Functions/Procedures
Required
- The SAVE statement is discouraged; use module variables for state saving.
- Do not use an entry in a function subprogram.
- Functions must not have pointer results.
- The names of intrinsic functions (e.g., SUM) shall not be used for user-defined functions.
- Procedures that return a single value should be functions; note that single values could also be user-defined types.
- All communication with the module should be through the argument list or it should access its module variables.
Recommended
- All dummy arguments, except pointers, should include the INTENT clause in their declaration
- Limit use of type specific intrinsic functions (e.g., AMAX, DMAX - use MAX in all cases).
- Avoid statically dimensioned array arguments in a function/subroutine.
- Check for invalid argument values.
Encouraged
- Error conditions. When an error condition occurs inside a function/procedure, a message describing what went wrong should be printed. The name of the routine in which the error occurred must be included. It is acceptable to terminate execution within a package, but the developer may instead wish to return an error flag through the argument list.
- Functions/procedures that perform the same function but for different types/sizes of arguments, should be overloaded, to minimize duplication and ease the maintainability.
- When explicit interfaces are needed, use modules, or contain the subroutines in the calling programs (through CONTAINS statement), for simplicity.
- Do not use external routines as these need interface blocks that would need to be updated each time the interface of the external routine is changed.
I/O
Required
- I/O statements on external files should contain the status specifier parameters err=, end=, iostat=, as appropriate.
- All global variables, if present, should be set at the initialization stage.
Recommended
- Avoid using NAMELIST I/O if possible.
- Use write rather than print statements for non-terminal I/O.
- Use Character parameters or explicit format specifiers inside the Read or Write statement.

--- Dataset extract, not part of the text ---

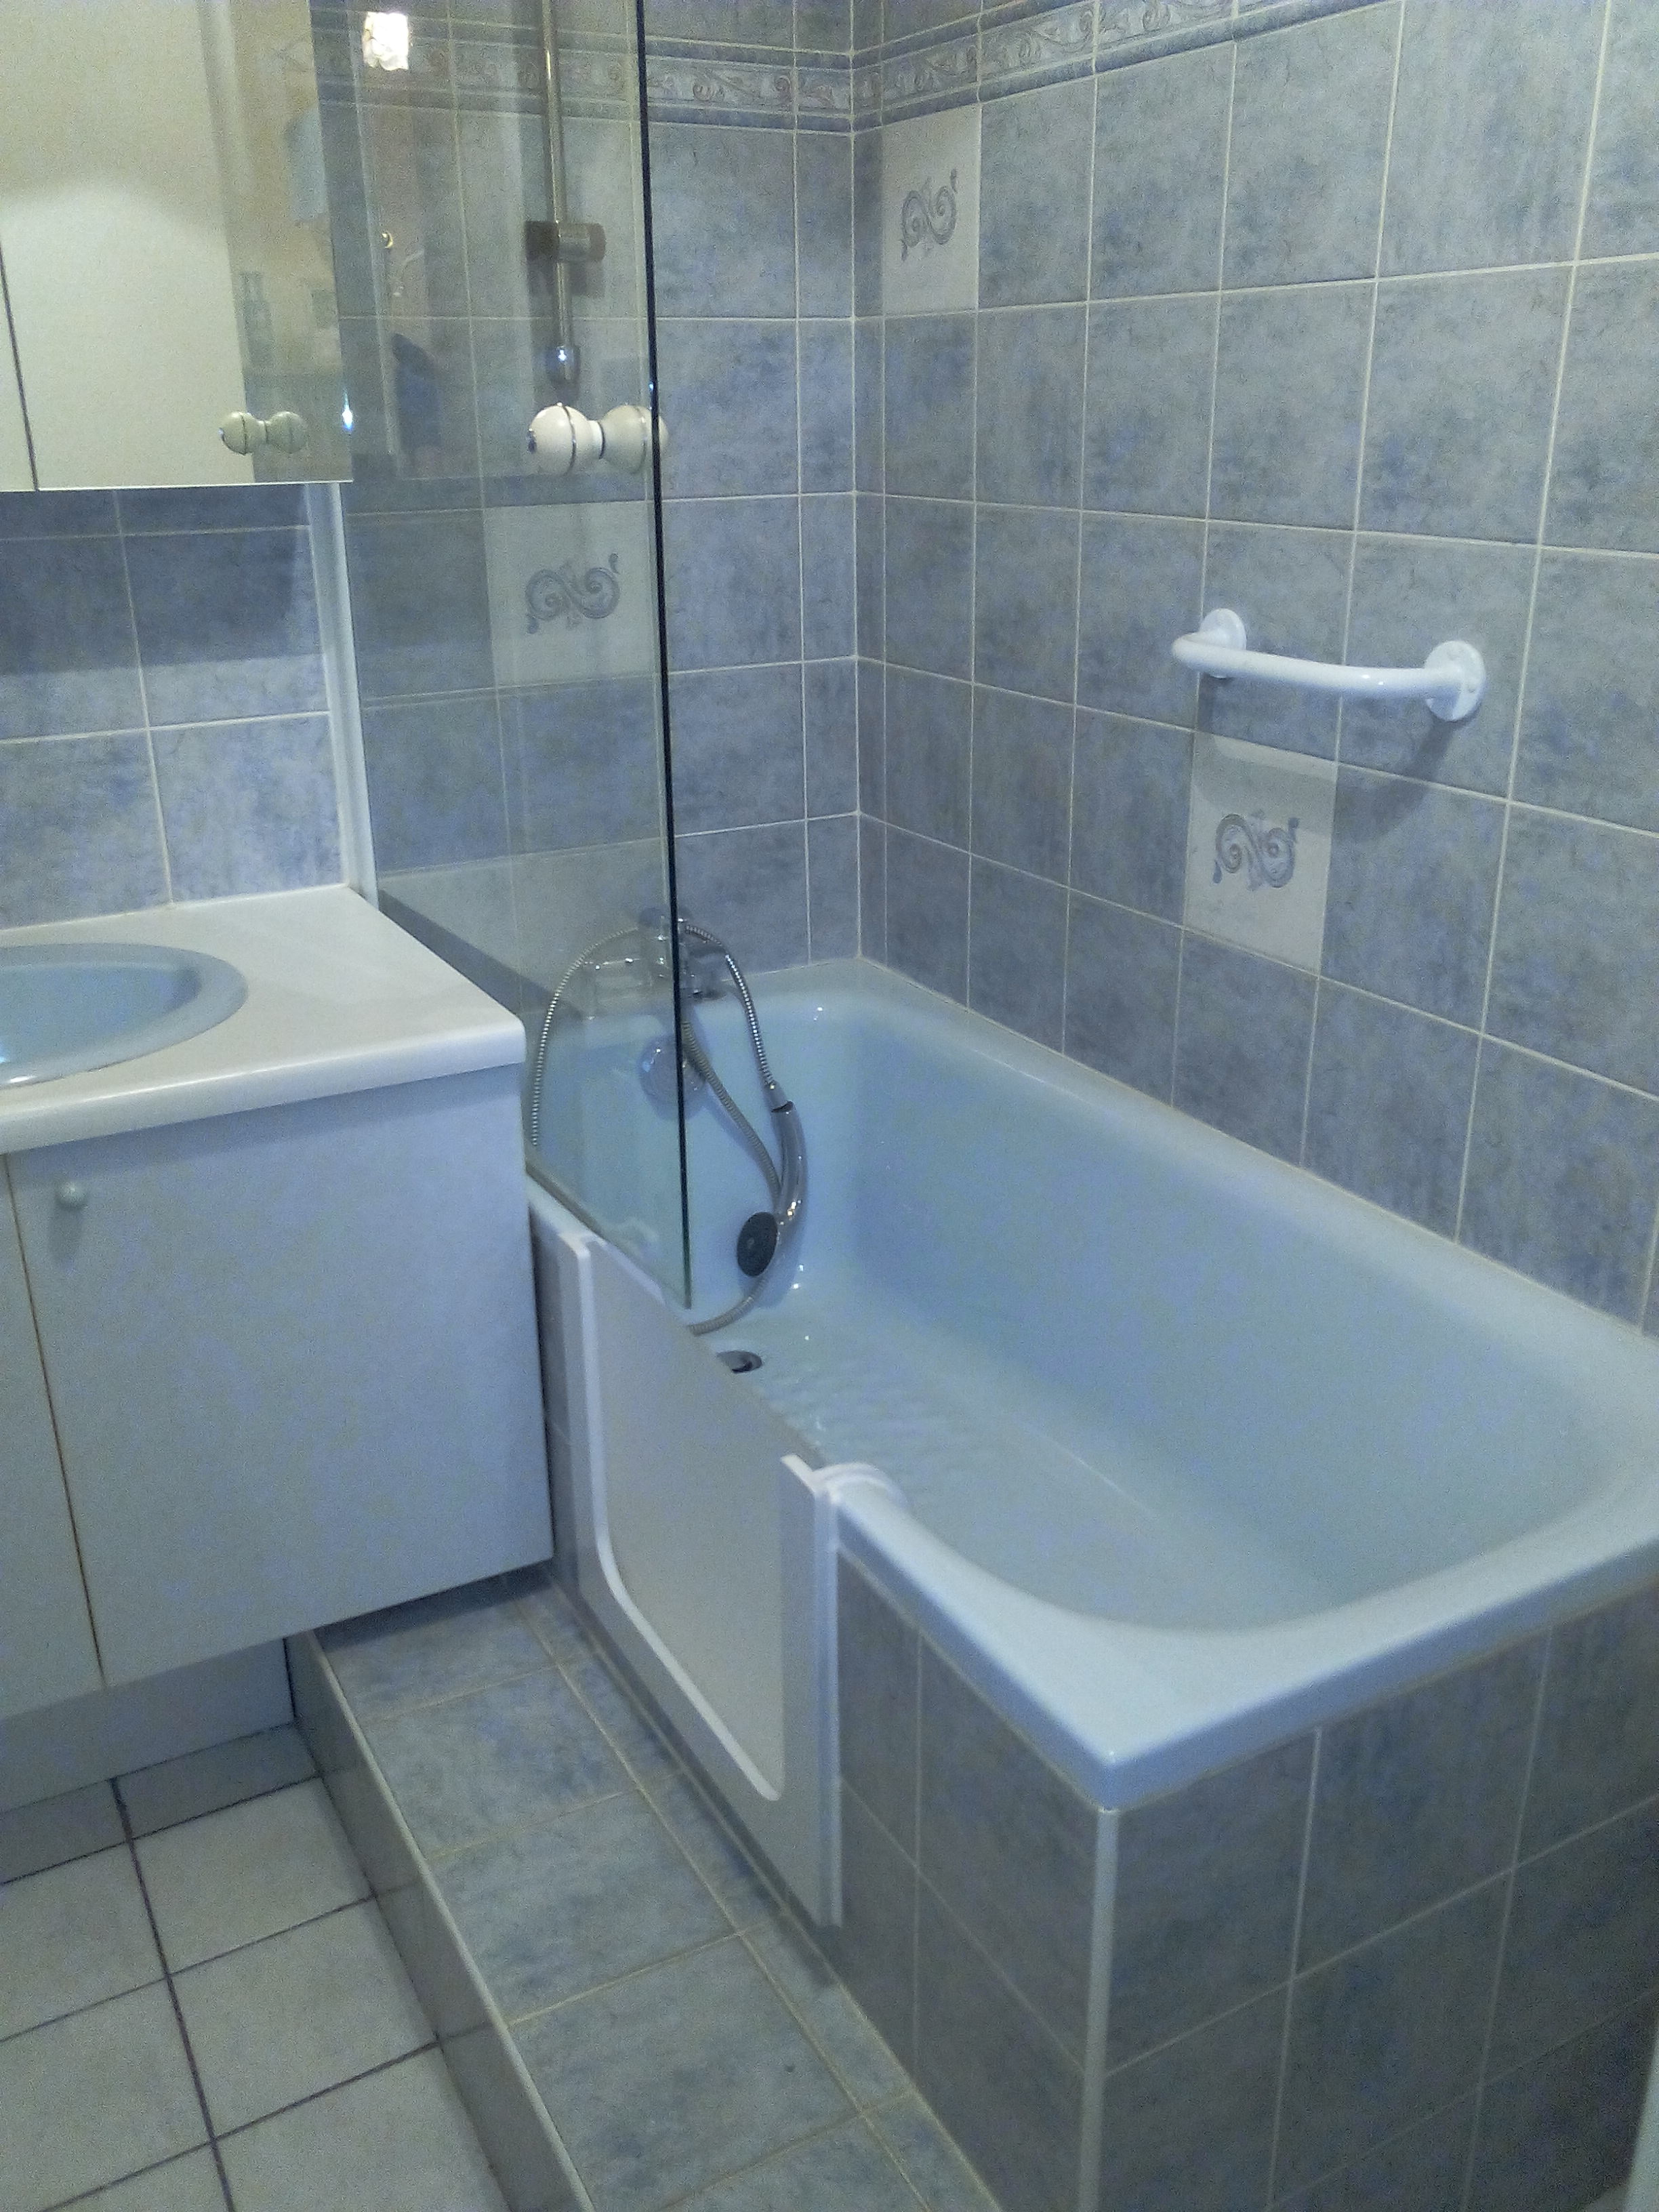 D couvrez notre derni re installation d 39 une porte tanche de baignoire - Installation d une baignoire ...

DO not use labeled format statements (outdated).
FORTRAN Features that are obsolescent and/or discouraged
Required
- No Common blocks. Modules are a better way to declare/store static data, with the added ability to mix data of various types, and to limit access to contained variables through use of the ONLY and PRIVATE clauses.
- No assigned and computed GO TOs - use the CASE construct instead
- No arithmetic IF statements - use the block IF construct instead
- Avoid DATA, ASSIGN Labeled DO BACKSPACE Blank COMMON, BLOCK DATA
- Use REAL instead of DOUBLE PRECISION
- Branch to END IF outside the block IF
- DO non-integer Control
- Hollerith Constants
- PAUSE
- multiple RETURN
- Alternate RETURN
Recommended
- Do not make use of the equivalence statement, especially for variables of different types. Use pointers or derived types instead.
Encouraged
- No implicitly changing the shape of an array when passing it into a subroutine. Although actually forbidden in the standard it was very common practice in FORTRAN 77 to pass 'n' dimensional arrays into a subroutine where they would, say, be treated as a 1 dimensional array. This practice, though banned in FORTRAN 90, is still possible possible with external routines for which no Interface block has been supplied. This only works because of assumptions made about how the data is stored.
Source Files
Required
- Document the function interface: argument name, type, unit, description, constraint,defaults.
- The INCLUDE statement shall not be used; use the USE statement instead.
Recommended
- Try to limit source column length, including comments, to 80 columns (or follow language specific limits).
- A component should not exceed 300-500 effective lines of code, be efficient with your coding.
- Use blank lines (or lines with a standard character in column 1) to separate statement blocks to improve code readability.
- Apply consistent indentation method for code.
- Module/subprogram names shall be lower case; the name of a file containing a module/subprogram shall be the module/subprogram name with the suffix *.f90."
Encouraged
- Clearly separate declaration of argument variables from declaration of local variables.
- Use descriptive and unique names for variables and subprograms (so as to improve the code readability and facilitate global string search)
- Try to limit name lengths to 12-15 characters.
- Indent continuation lines to ensure that, for example, parts of a multi-line equation line up in a readable manner.
- Start comment text with a standard character (e.g. !, C, etc.); if a stand-alone line then start comment character in the first column.
General Coding Guidelines
- Reduce or eliminate global variable usage.
- Attempt to limit the number of arguments in argument list - long lists make it hard to reuse.
- Limit of only one return point per component.
- Use exceptions as error indicators if supported.
- Components should be specific to one and only one purpose.
- Components with side effects are not allowed (e.g. Don't mix I/O code with computational code).
- Program against a standard (e.g., ANSI C, C++, Java, FORTRAN 77/90/95) -
- Make sure your code compiles under different compilers and platforms.
- Use preprocessor directives for adaptation to different architectures/compilers/OS.
- Make I/O specific components separate from computational components.
- Avoid static allocation of data (compile time allocation).
- Be most specific with your data types.
- Avoid using custom data types for argument types.
|
|